D8C5: 35 90 PULS ,X,PC Return
Finally, we return to the caller, additionally popping the X register off the stack to tidy up. These two actions could be written as two separate instructions:
However, since popping from the stack into the program counter does exactly the same thing as a RET
, we can save a byte by combining the two pops into one.
What have we loaded?
We loaded all this data into RAM, but what actually is this data? Let's take a look at how it looks after we've used it for the four characters 'F', 'T', 'S', 'R', used as labels on the gauges in the bottom left of the screen.
When we were looping through our data we noticed that we were spacing it 32-bytes apart, so lets look at it in 32-byte rows:
1D00: 3F FC 0F FC 0F F0 3F F0 00 ..
1D20: 30 00 00 C0 30 0C 30 0C 00 ..
1D40: 30 00 00 C0 30 00 30 0C 00 ..
1D60: 3F C0 00 C0 0F F0 3F F0 00 ..
1D80: 30 00 00 C0 00 0C 33 00 00 ..
1DA0: 30 00 00 C0 00 0C 30 C0 00 ..
1DC0: 30 00 00 C0 30 0C 30 30 00 ..
1DE0: 30 00 00 C0 0F F0 30 0C 00 ..
There are only 9 distinct values used ($00
, 0C
, 0F
, 30
, 33
, 3F
, C0
, F0
and FC
), but more importantly, if you ignore the zeros you get some interesting patterns:
1D00: 3F FC F FC F F 3F F ..
1D20: 3 C 3 C 3 C ..
1D40: 3 C 3 3 C ..
1D60: 3F C C F F 3F F ..
1D80: 3 C C 33 ..
1DA0: 3 C C 3 C ..
1DC0: 3 C 3 C 3 3 ..
1DE0: 3 C F F 3 C ..
Hel-lo! The shapes of an F, T, S and R are clearly distinct.

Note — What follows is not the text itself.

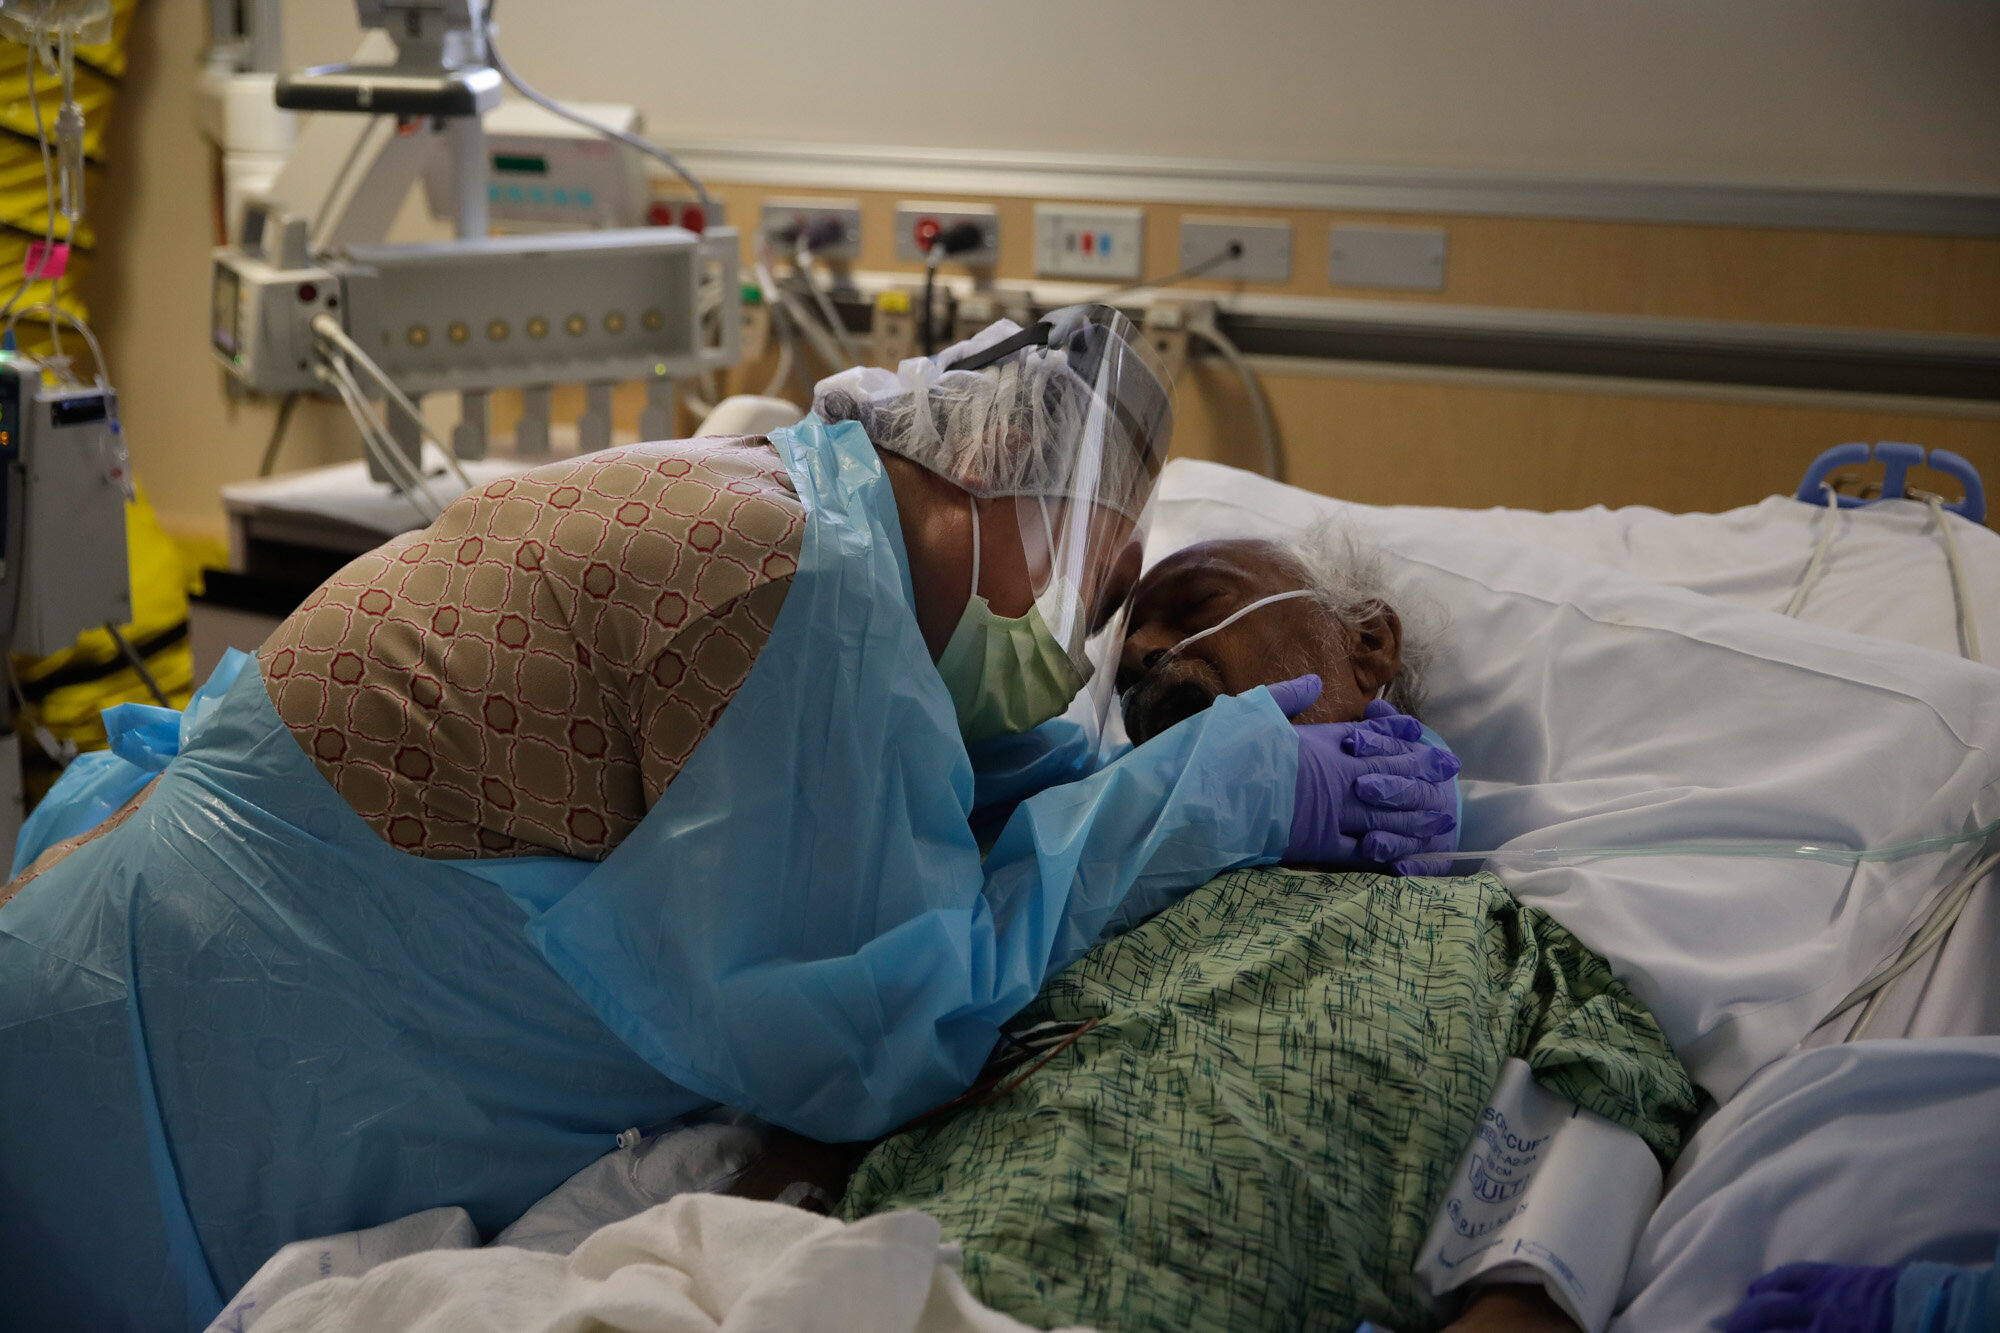  Romelia Navarro, 64, weeps while hugging her husband, Antonio, in his final moments in a COVID-19 unit at St. Jude Medical Center in Fullerton, Calif., on July 31, 2020. (AP Photo/Jae C. Hong)

It's even more obvious once we convert them to binary. Here's the F by itself:
1D00: 0011 1111 1111 1100 ..
1D20: 0011 0000 0000 0000 ..
1D40: 0011 0000 0000 0000 ..
1D60: 0011 1111 1100 0000 ..
1D80: 0011 0000 0000 0000 ..
1DA0: 0011 0000 0000 0000 ..
1DC0: 0011 0000 0000 0000 ..
1DE0: 0011 0000 0000 0000 ..
and without the zeroes to make it really obvious:
1D00: 11 1111 1111 11 ..
1D20: 11 ..
1D40: 11 ..
1D60: 11 1111 11 ..
1D80: 11 ..
1DA0: 11 ..
1DC0: 11 ..
1DE0: 11 ..
I remember being blown away by this when I first saw it done years ago. We're literally drawing in 1's and 0's. And we can at last name our $Y_2$ variable.
$$
Y_2 = \mathtt{glyph\_data\_address}
$$
This is a very rarely used technique in modern times. It's about the most primitive possible way of embedding graphics into a program. It only really works if you want your shapes to be not only monochromatic, but entirely toneless i.e. only 2 colors.